* DATASET SECTION *
-=-=-=-=-
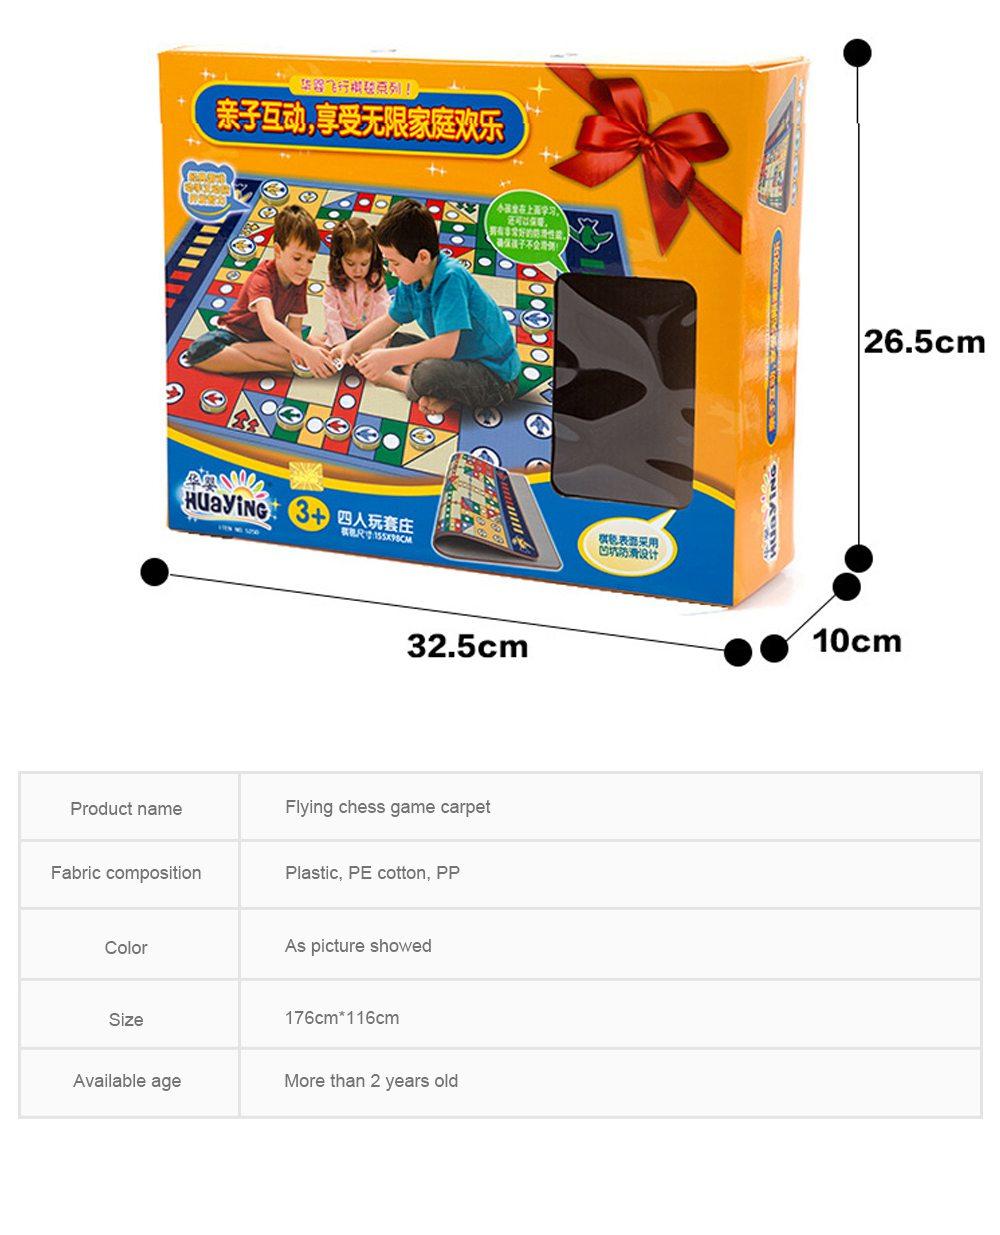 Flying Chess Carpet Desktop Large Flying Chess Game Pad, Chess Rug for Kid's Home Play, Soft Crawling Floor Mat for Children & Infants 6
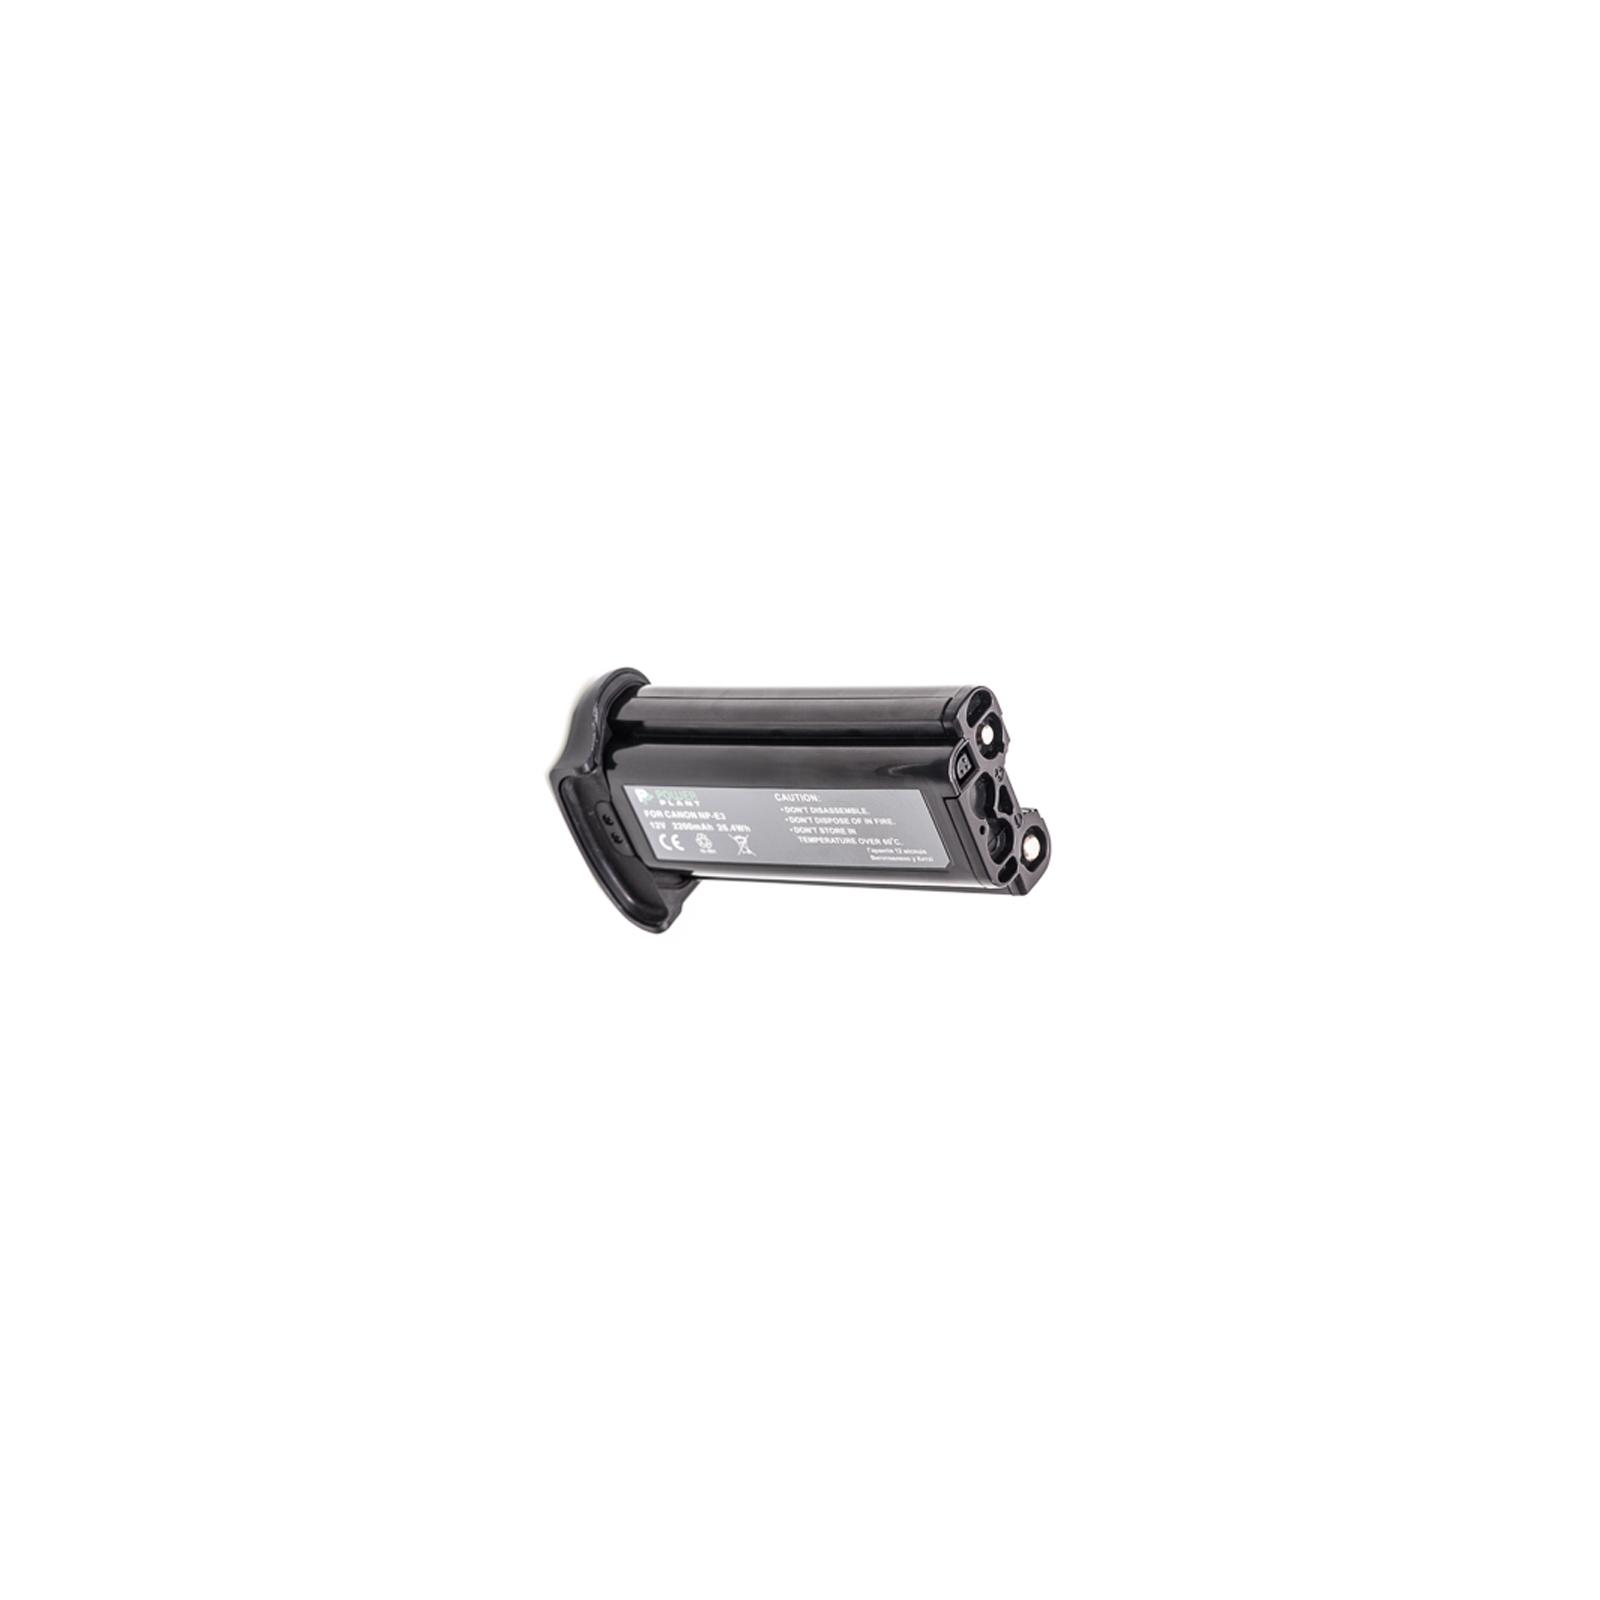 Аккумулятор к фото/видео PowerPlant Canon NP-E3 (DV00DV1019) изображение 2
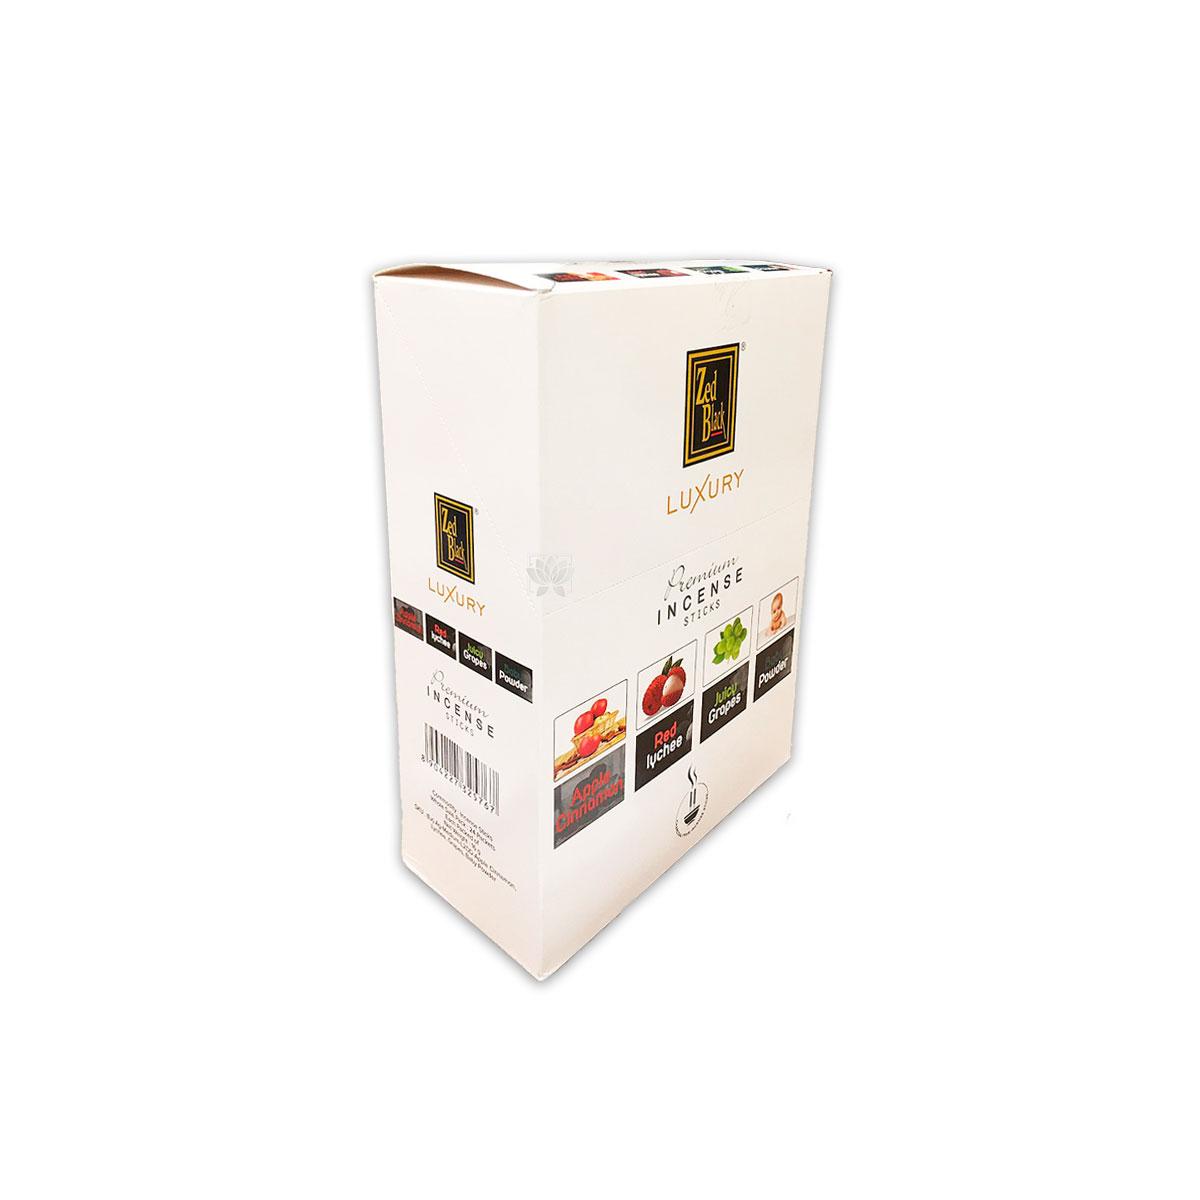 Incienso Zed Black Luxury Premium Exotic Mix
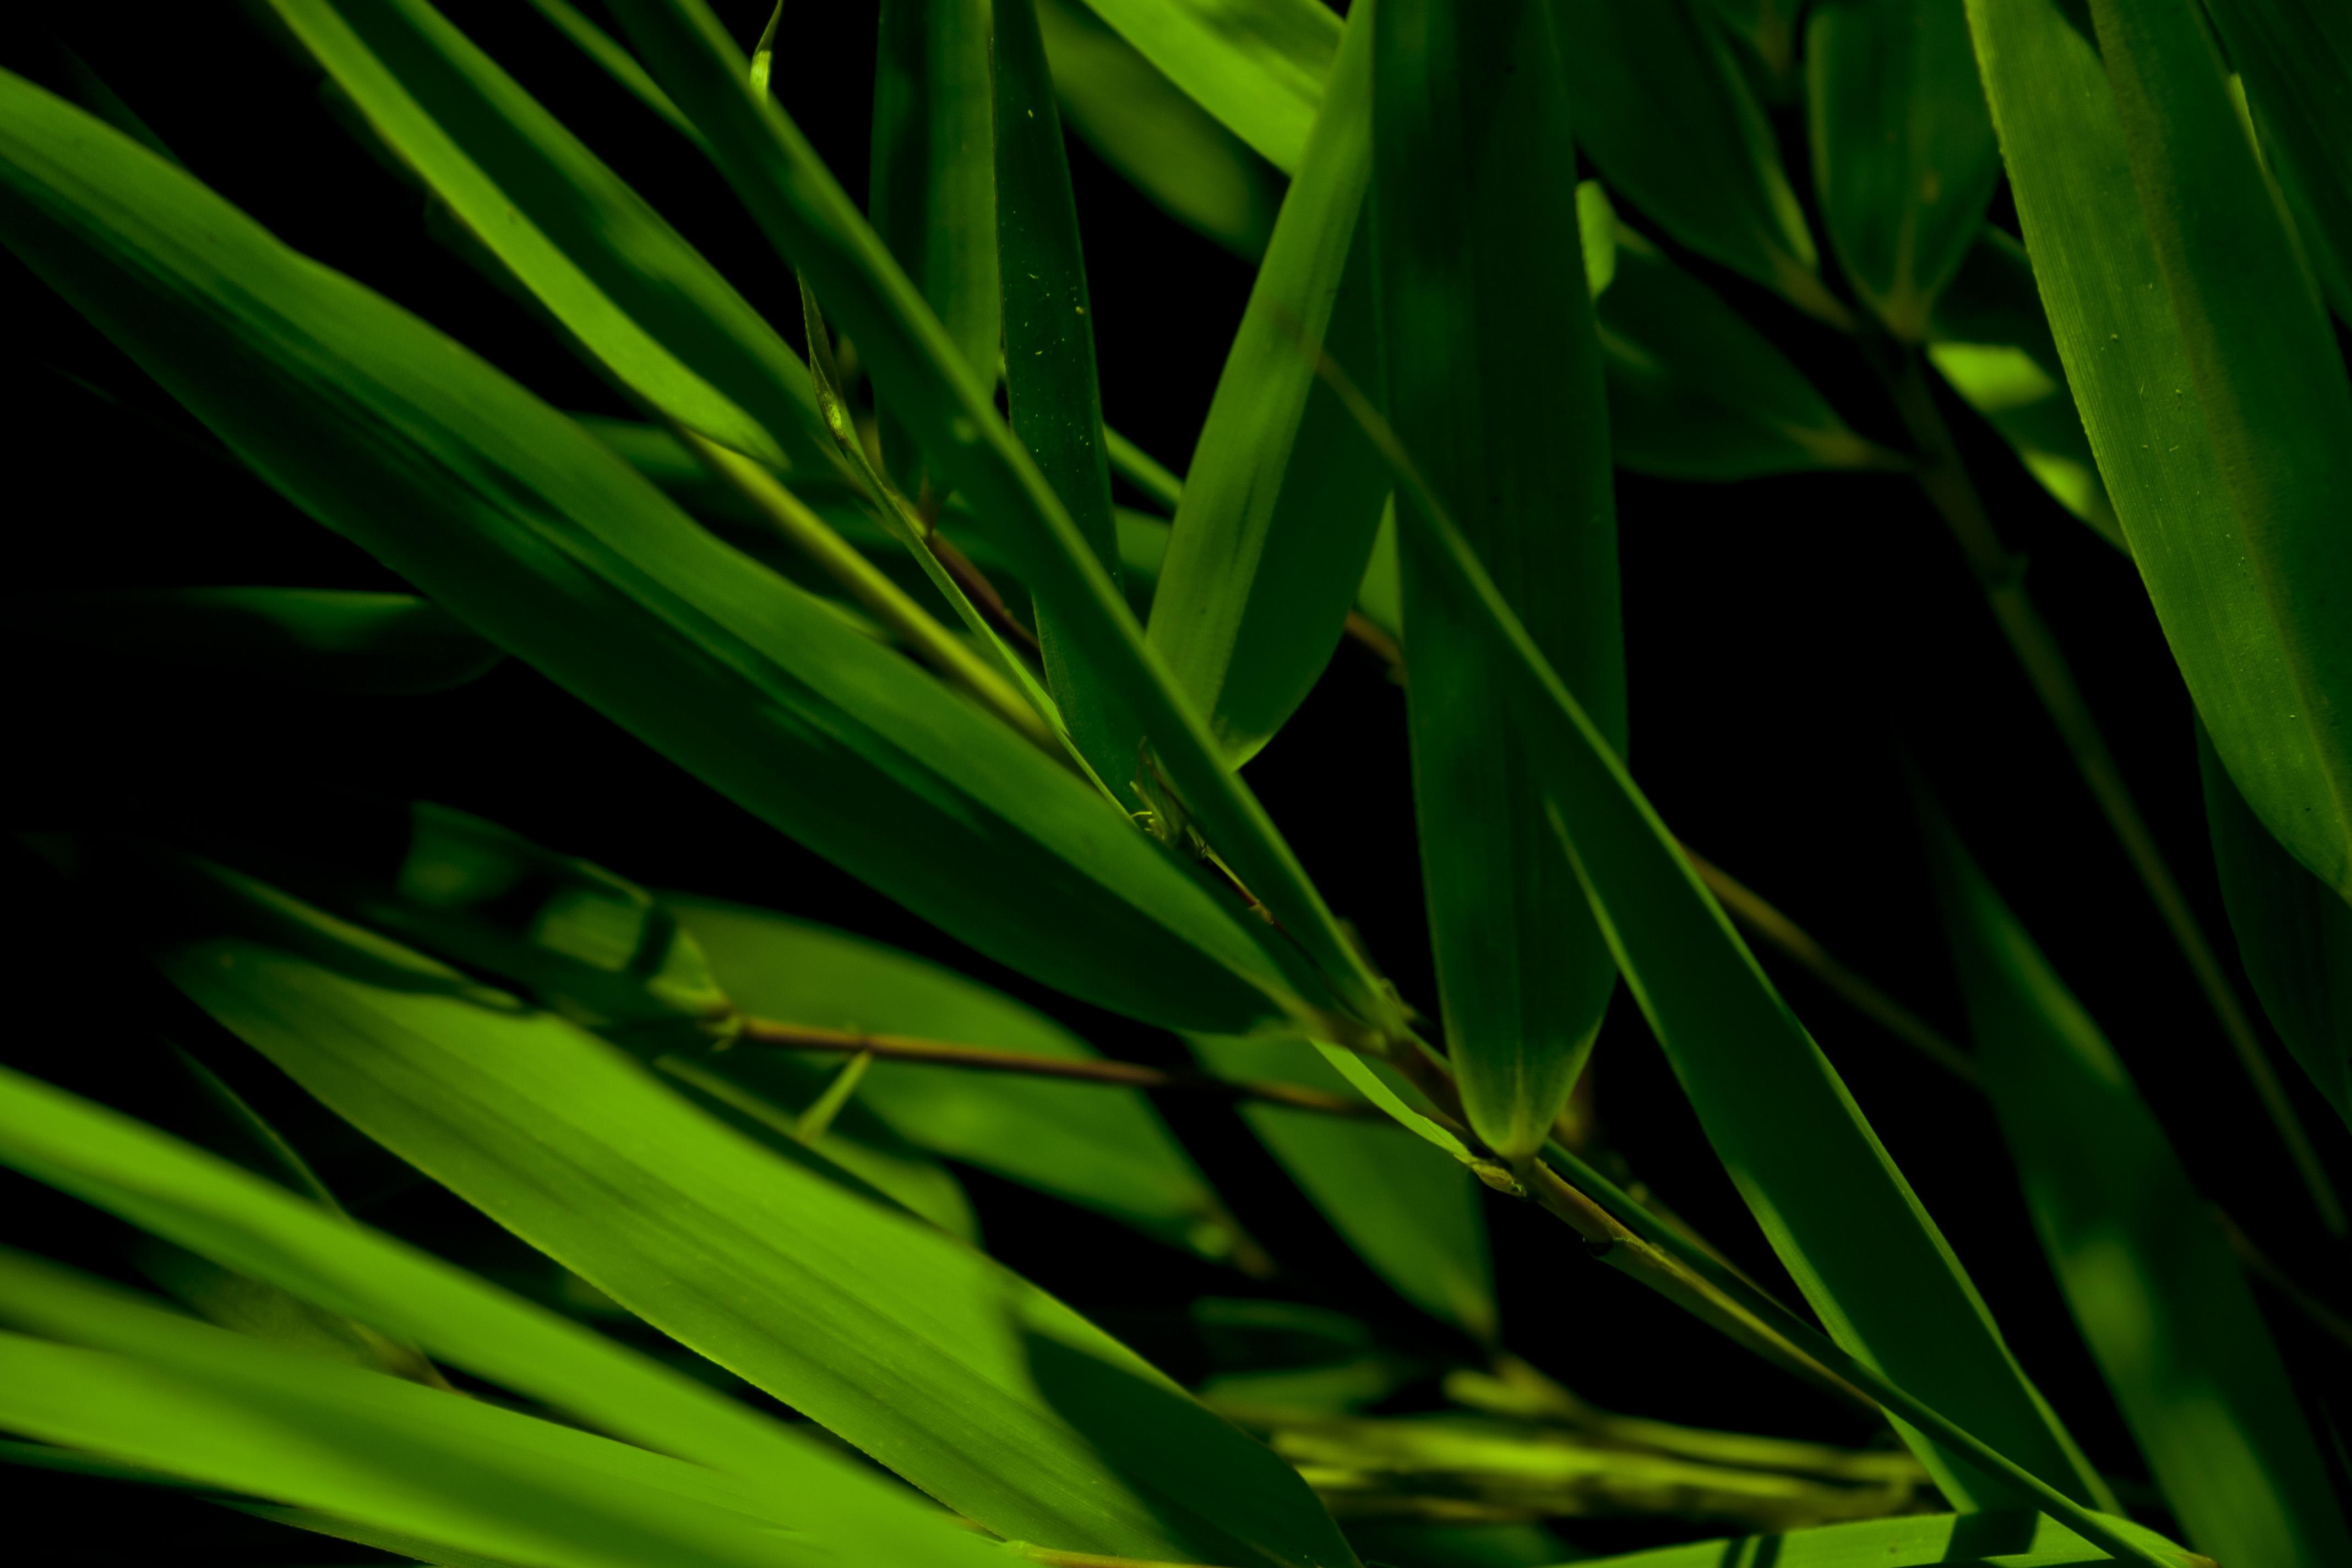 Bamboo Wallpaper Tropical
-=-=-=-=-
* WHAT YOU ARE ASKED TO DO *
Print the material above once more, exactly. No pictures belong in it.

* RESULT OF THIS TASK *
 Flying Chess Carpet Desktop Large Flying Chess Game Pad, Chess Rug for Kid's Home Play, Soft Crawling Floor Mat for Children & Infants 6
 Аккумулятор к фото/видео PowerPlant Canon NP-E3 (DV00DV1019) изображение 2
 Incienso Zed Black Luxury Premium Exotic Mix
 Bamboo Wallpaper Tropical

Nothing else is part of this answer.